## WHAT THIS TASK INVOLVES
Transcribe the material from its first line onward, ending with the line that contains "Kate Christmas Kitchen" and adding nothing beyond it.
*** DATA SHOWN ***
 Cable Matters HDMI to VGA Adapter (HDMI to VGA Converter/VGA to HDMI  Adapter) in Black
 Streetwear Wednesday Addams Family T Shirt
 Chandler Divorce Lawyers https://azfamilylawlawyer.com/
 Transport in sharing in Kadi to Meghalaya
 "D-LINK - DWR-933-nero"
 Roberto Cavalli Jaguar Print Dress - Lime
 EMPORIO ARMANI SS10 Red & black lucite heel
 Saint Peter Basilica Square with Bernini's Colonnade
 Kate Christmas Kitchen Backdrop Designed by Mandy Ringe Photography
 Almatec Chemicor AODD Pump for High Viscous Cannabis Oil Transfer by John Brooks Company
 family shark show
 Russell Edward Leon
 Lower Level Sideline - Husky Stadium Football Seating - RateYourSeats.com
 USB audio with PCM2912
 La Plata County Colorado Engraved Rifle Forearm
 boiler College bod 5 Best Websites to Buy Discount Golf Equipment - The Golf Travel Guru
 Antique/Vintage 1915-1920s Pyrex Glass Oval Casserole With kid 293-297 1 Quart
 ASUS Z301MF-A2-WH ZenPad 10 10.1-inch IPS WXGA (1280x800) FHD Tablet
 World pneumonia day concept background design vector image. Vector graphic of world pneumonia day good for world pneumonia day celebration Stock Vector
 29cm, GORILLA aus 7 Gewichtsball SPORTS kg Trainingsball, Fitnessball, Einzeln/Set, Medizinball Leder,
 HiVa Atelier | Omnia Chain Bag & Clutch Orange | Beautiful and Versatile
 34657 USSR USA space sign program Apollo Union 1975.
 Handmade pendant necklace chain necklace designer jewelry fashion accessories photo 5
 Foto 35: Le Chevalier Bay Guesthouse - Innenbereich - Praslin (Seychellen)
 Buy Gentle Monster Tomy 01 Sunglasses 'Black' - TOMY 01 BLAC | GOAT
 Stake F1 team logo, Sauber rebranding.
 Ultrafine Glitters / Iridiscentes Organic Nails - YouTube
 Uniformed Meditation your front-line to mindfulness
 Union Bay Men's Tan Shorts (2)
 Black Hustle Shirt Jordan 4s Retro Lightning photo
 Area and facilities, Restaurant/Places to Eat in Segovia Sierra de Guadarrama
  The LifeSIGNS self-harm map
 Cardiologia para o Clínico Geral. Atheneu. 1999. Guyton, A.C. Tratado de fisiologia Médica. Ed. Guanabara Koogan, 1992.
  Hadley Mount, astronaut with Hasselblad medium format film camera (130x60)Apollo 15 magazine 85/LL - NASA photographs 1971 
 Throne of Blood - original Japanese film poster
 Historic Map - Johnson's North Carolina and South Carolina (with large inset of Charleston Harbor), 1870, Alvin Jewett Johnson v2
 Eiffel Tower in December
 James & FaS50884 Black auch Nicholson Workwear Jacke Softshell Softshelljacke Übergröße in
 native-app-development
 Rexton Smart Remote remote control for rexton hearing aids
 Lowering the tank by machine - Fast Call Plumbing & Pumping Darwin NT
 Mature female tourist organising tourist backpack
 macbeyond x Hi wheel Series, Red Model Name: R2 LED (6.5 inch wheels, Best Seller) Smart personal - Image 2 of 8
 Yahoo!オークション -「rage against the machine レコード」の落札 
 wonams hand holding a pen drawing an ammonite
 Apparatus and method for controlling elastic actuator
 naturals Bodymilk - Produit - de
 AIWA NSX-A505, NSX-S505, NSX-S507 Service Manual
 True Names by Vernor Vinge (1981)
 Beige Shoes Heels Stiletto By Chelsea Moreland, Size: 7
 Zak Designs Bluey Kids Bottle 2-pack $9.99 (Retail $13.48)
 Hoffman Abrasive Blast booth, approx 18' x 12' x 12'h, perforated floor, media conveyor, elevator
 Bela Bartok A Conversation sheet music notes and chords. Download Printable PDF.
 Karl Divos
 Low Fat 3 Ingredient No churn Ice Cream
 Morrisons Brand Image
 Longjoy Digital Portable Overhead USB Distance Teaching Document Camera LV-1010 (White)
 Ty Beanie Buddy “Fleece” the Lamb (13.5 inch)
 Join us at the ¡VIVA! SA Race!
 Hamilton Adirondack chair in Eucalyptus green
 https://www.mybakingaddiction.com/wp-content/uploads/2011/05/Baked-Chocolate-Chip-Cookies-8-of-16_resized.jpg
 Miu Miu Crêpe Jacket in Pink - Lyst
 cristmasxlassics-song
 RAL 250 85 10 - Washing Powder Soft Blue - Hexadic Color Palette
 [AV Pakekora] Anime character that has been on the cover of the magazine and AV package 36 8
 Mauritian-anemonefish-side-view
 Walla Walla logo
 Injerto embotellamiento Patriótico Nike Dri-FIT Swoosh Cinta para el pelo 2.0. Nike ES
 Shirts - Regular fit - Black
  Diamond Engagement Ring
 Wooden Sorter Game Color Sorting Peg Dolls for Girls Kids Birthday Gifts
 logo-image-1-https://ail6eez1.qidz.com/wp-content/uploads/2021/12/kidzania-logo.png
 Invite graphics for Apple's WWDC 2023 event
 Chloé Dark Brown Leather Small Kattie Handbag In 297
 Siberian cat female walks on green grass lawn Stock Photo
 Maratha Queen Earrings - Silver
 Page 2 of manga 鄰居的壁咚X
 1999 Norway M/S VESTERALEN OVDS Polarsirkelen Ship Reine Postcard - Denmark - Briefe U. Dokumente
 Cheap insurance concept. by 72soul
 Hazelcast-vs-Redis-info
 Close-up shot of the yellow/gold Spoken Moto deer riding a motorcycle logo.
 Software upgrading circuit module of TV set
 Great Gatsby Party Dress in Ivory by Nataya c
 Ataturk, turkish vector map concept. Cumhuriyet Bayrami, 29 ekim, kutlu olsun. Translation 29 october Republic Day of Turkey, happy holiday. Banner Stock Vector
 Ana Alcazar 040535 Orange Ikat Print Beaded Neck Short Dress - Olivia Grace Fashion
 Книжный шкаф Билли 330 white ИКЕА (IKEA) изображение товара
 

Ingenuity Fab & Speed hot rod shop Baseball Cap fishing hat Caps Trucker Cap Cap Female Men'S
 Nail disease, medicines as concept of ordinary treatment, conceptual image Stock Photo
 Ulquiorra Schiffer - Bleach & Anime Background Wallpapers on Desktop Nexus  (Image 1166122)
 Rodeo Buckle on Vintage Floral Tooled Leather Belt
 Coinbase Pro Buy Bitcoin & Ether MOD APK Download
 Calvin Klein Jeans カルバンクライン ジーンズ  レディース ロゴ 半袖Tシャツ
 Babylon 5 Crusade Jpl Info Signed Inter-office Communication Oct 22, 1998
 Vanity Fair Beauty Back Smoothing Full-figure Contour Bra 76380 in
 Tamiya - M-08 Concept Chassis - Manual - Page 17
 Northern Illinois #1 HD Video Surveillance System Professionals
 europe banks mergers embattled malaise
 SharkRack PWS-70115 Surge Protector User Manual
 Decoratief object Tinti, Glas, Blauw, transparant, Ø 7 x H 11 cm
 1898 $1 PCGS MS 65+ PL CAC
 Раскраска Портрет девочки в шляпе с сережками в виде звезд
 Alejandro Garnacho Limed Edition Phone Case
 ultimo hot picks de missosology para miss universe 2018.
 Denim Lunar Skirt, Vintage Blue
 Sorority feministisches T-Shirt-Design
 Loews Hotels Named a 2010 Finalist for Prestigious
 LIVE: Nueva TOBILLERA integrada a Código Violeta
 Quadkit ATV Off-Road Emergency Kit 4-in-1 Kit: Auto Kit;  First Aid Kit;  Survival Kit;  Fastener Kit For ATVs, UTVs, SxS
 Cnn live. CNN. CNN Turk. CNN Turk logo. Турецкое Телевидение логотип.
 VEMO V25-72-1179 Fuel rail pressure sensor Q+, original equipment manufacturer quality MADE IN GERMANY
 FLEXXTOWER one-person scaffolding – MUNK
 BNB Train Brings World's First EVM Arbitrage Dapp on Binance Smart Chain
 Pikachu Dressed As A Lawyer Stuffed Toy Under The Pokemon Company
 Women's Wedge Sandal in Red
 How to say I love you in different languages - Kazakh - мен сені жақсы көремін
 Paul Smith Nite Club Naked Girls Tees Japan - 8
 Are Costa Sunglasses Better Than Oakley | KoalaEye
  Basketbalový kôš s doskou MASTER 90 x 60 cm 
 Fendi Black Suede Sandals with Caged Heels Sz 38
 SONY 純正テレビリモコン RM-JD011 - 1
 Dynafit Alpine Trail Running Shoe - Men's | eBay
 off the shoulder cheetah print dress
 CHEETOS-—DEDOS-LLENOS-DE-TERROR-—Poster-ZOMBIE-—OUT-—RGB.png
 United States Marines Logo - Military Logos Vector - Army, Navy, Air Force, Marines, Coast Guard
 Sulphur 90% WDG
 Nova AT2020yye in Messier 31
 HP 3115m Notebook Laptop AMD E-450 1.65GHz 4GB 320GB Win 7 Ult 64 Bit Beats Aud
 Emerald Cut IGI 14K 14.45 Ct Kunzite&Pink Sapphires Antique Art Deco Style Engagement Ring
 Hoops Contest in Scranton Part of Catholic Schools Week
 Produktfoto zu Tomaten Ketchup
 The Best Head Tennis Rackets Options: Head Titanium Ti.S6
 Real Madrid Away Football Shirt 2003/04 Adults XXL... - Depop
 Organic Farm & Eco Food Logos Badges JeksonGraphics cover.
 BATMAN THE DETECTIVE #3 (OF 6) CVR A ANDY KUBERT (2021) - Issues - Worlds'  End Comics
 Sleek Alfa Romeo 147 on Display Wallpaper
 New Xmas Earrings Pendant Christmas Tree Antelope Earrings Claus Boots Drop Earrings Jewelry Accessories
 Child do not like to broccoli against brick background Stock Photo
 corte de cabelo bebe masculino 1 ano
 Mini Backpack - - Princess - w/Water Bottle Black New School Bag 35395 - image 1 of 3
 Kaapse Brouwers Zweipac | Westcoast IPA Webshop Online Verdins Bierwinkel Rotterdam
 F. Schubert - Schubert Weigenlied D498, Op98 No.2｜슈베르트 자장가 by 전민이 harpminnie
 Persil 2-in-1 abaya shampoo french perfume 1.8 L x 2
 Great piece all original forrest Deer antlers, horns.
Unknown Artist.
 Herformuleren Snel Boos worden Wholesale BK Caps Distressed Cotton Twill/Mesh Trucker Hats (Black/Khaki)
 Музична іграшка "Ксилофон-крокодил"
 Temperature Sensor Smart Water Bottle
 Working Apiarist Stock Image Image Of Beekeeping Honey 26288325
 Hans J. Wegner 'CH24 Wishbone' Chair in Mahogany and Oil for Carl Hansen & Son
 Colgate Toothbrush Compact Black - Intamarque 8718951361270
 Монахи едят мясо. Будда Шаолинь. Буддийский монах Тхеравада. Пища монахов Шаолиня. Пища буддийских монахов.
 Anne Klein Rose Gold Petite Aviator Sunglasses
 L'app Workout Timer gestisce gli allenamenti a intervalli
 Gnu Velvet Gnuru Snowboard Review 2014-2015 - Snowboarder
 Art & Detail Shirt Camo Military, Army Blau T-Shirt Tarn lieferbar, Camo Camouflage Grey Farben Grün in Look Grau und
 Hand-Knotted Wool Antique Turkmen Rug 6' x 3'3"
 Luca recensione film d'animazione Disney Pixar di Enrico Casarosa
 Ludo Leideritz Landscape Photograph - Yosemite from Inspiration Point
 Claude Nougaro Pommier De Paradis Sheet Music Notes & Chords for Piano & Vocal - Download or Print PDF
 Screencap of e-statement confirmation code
*** End of DATA SHOWN ***
## WRITTEN SOLUTION
 Cable Matters HDMI to VGA Adapter (HDMI to VGA Converter/VGA to HDMI  Adapter) in Black
 Streetwear Wednesday Addams Family T Shirt
 Chandler Divorce Lawyers https://azfamilylawlawyer.com/
 Transport in sharing in Kadi to Meghalaya
 "D-LINK - DWR-933-nero"
 Roberto Cavalli Jaguar Print Dress - Lime
 EMPORIO ARMANI SS10 Red & black lucite heel
 Saint Peter Basilica Square with Bernini's Colonnade
 Kate Christmas Kitchen Backdrop Designed by Mandy Ringe Photography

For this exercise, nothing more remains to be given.